However, the Beast needs to have his curse broken before the winter passes, and Faye needs his magical expertise to stage a revenge on her father, the cause of her mother's death. Their bargain: Faye will find him his true love and he will teach her enough magic to topple her father's prosperous magical artifacts and potions business. It is the perfect arrangement.

The arrangement slowly crumbles, however, as Faye finds herself drawn toward the Beast and entertaining the thoughts of being the curse-breaker herself. Except she has already kissed him. And failed.

The synopsis and the full manuscript are available upon request. Thank you for your time and consideration. I look forward to hearing from you!

Sincerely,
Sandy

I'm sold on this one. I'd request.

Quick question, though—isn't the original Beauty and the Beast kinda steampunk? I'm totally going off the Disney movie, but I remember the things her father invented gave me that sort of impression...and I don't see anything particularly steampunk in your query, so I might leave that out.

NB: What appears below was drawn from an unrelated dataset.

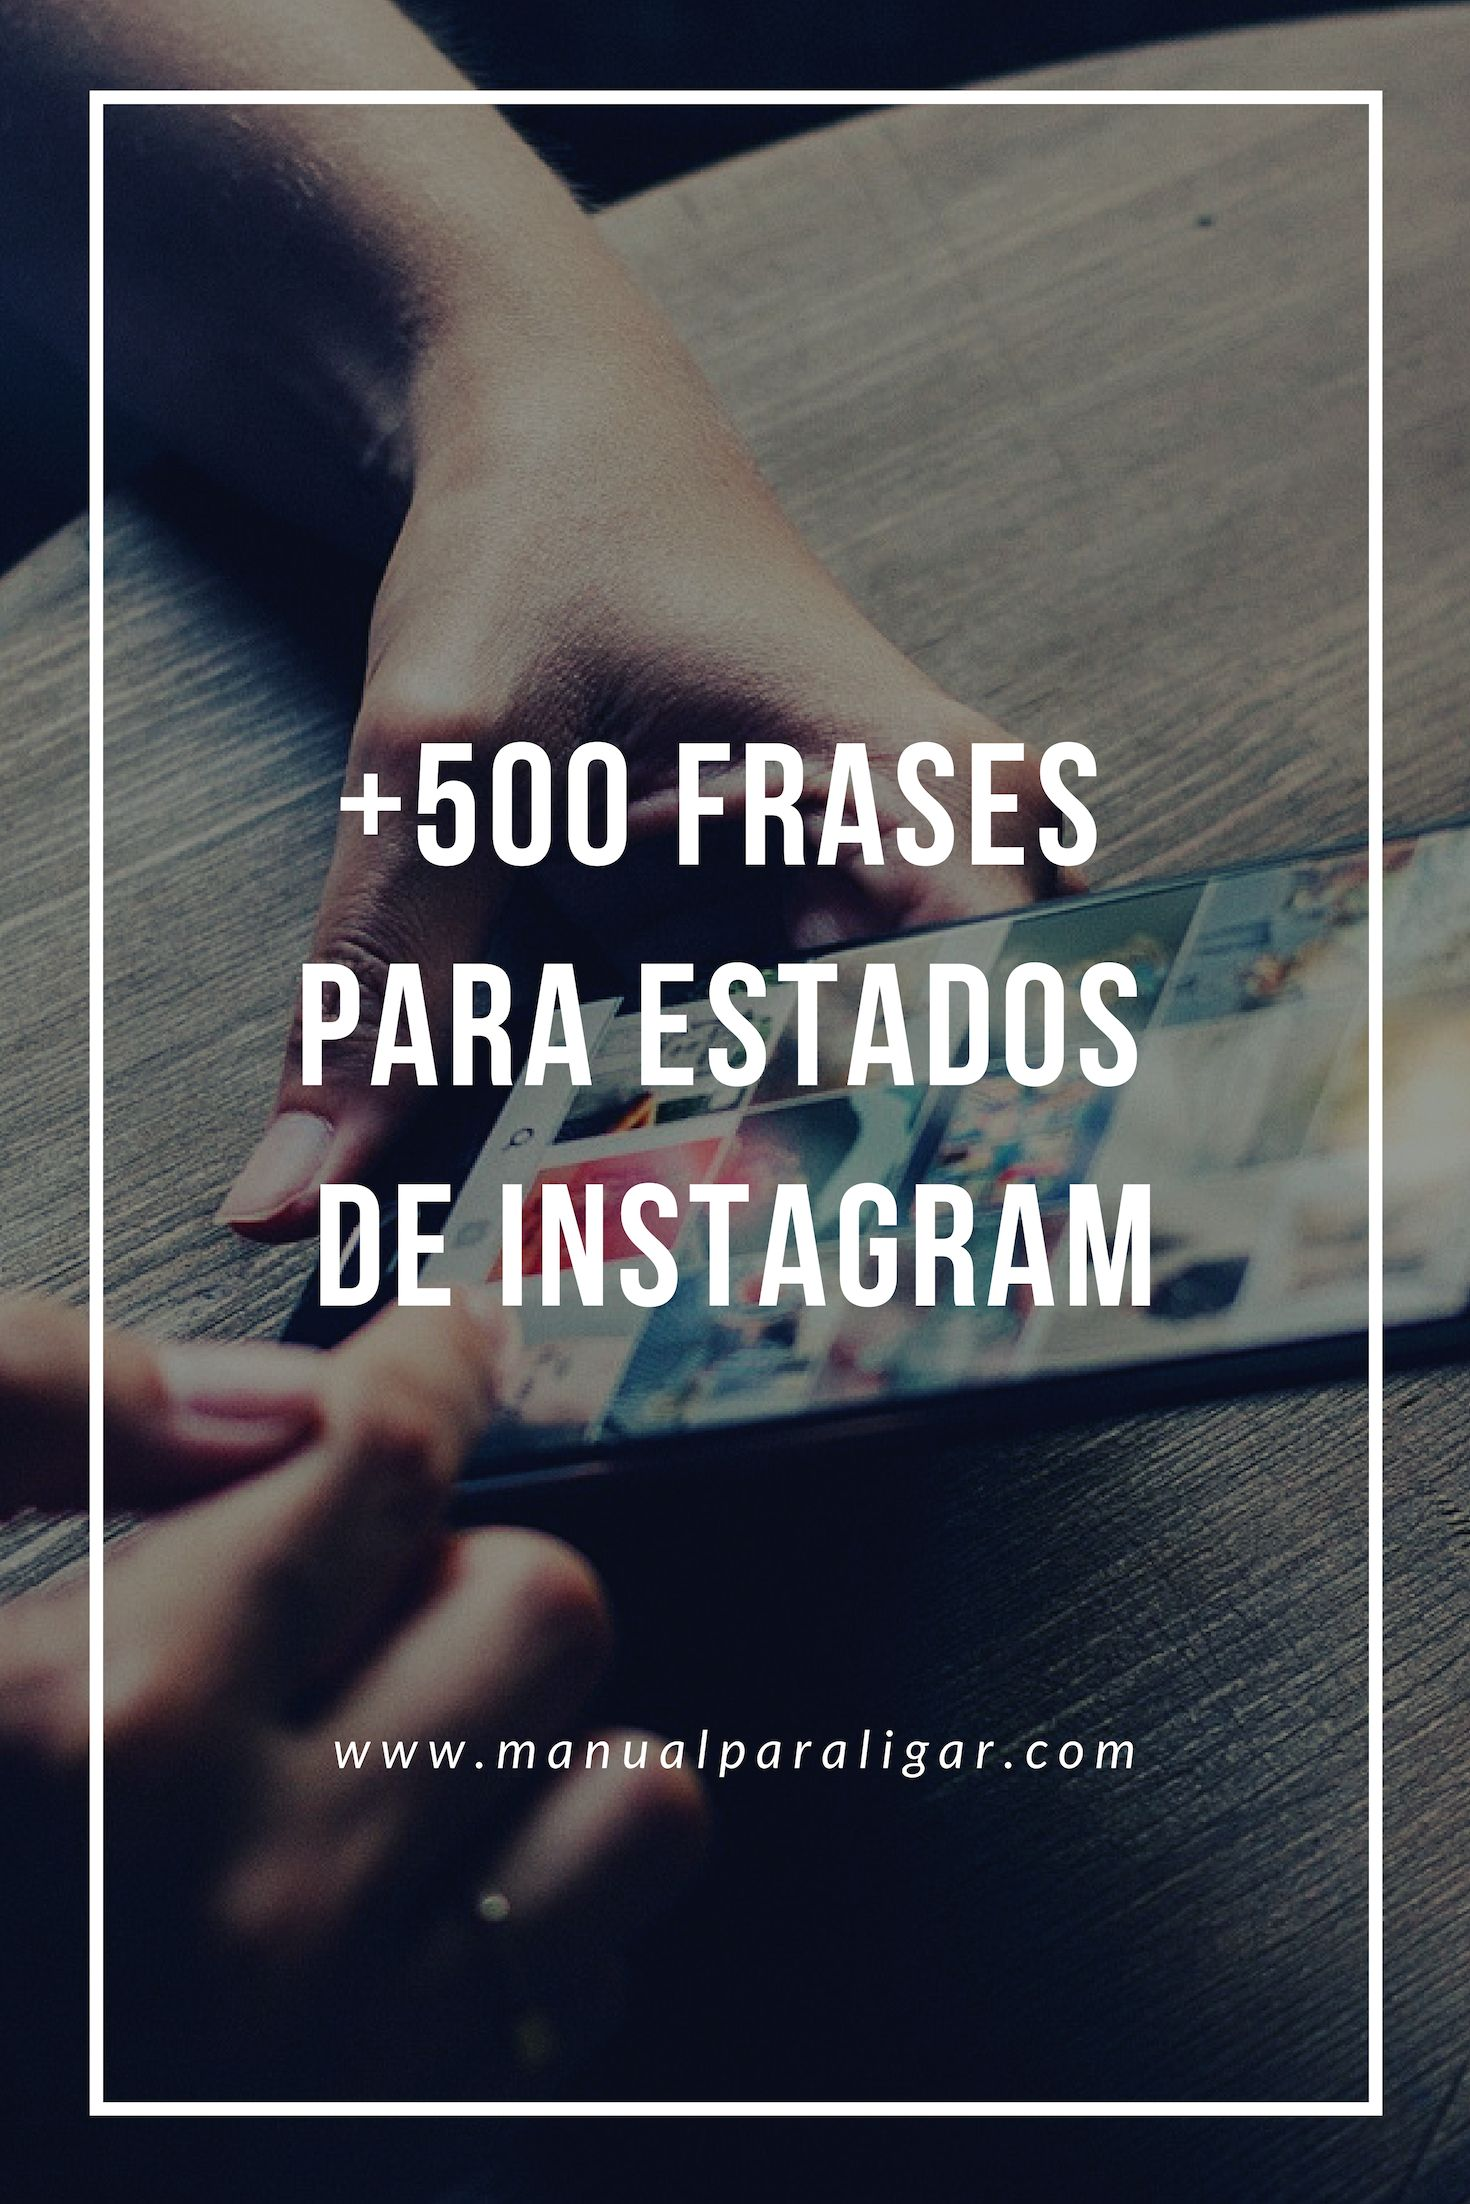 500 Frases Para Estados De Instagram Métodos Para Ligar Instagram Bio Instagram Photo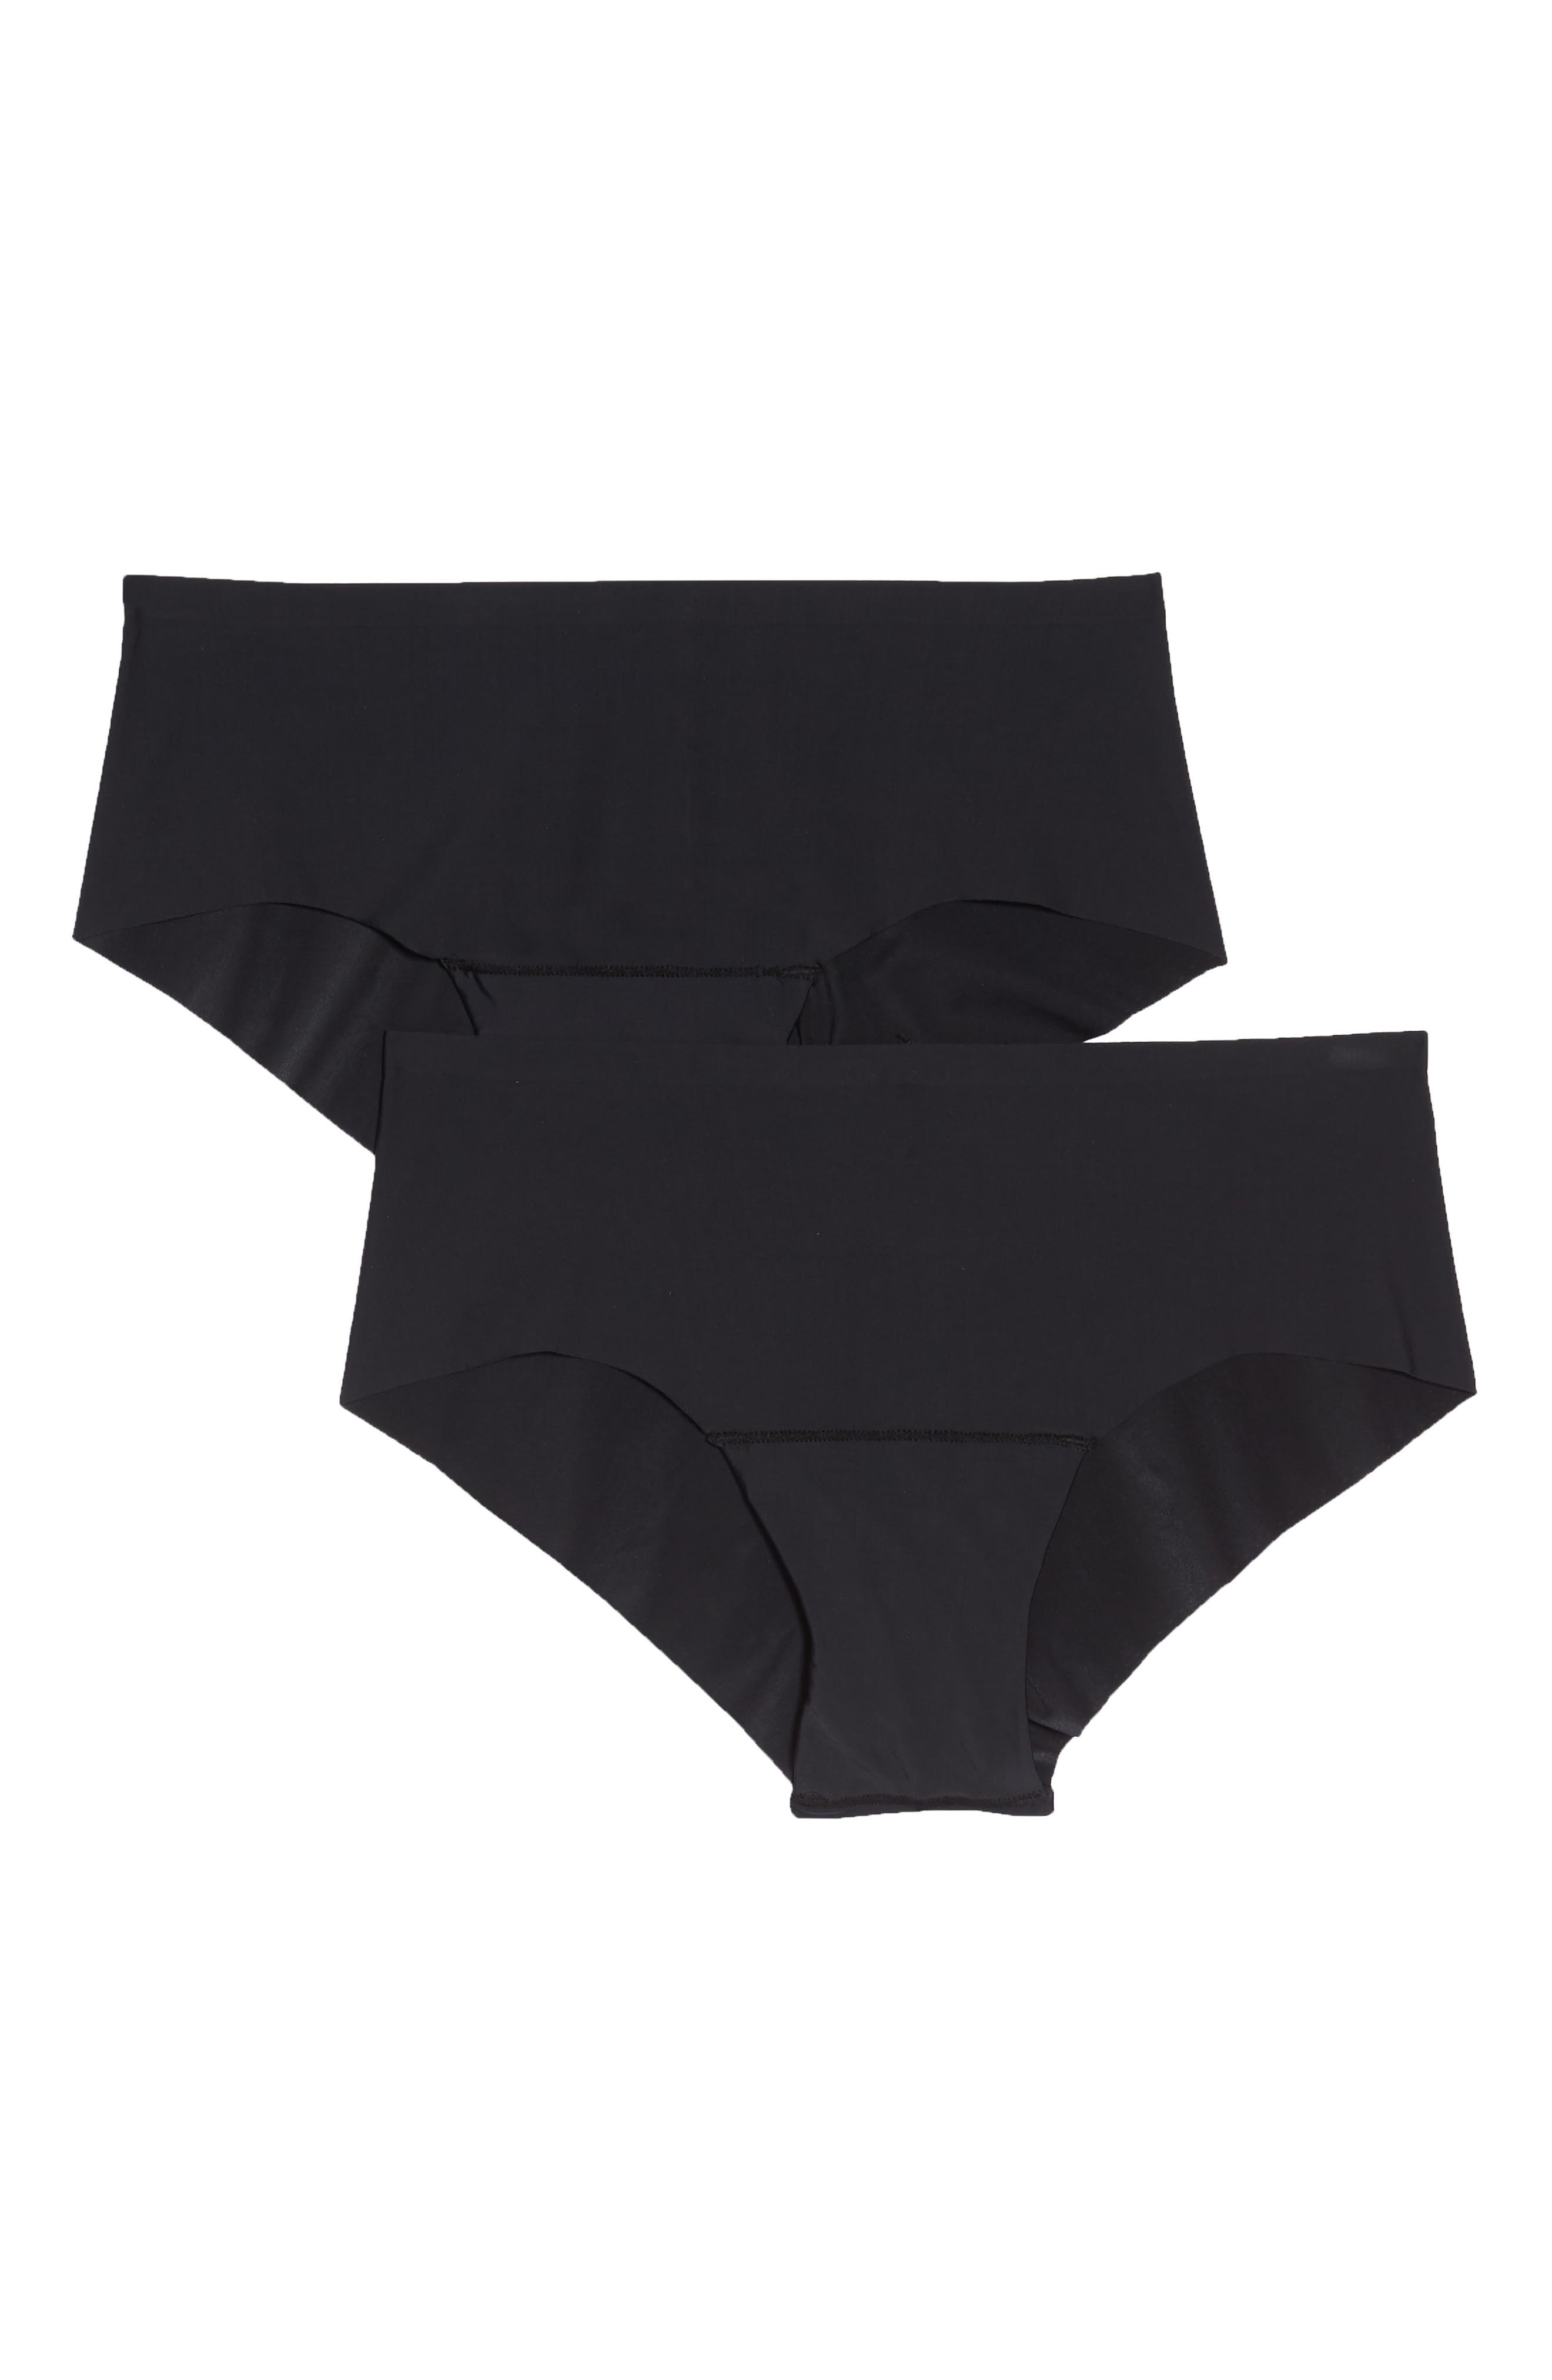 2-Pack Dream Invisibles Hipster Panties,                             Main thumbnail 1, color,                             Black

I'd revisit your second summary paragraph and work on making the wording a little clearer, but yeah, I think this is really good. Full of voice!


---------------------

Dear [Agent],

Ricky Marquard and his girlfriend, Sofia Bowen, are gifted, to say the least. He can control the earth’s elements while she’s got full control of people’s minds. Quite the dream team, right?

You’d think so, but then some guy tries to kill Ricky’s mom at a football game, so Ricky has to fry him to death in front of 90,000 people watching on the Jumbotron. Nobody hurts Mama Marquard and gets away with it. No one suspects a thing—who’d believe he murdered someone with lightning?—but he decides to lay low for a while.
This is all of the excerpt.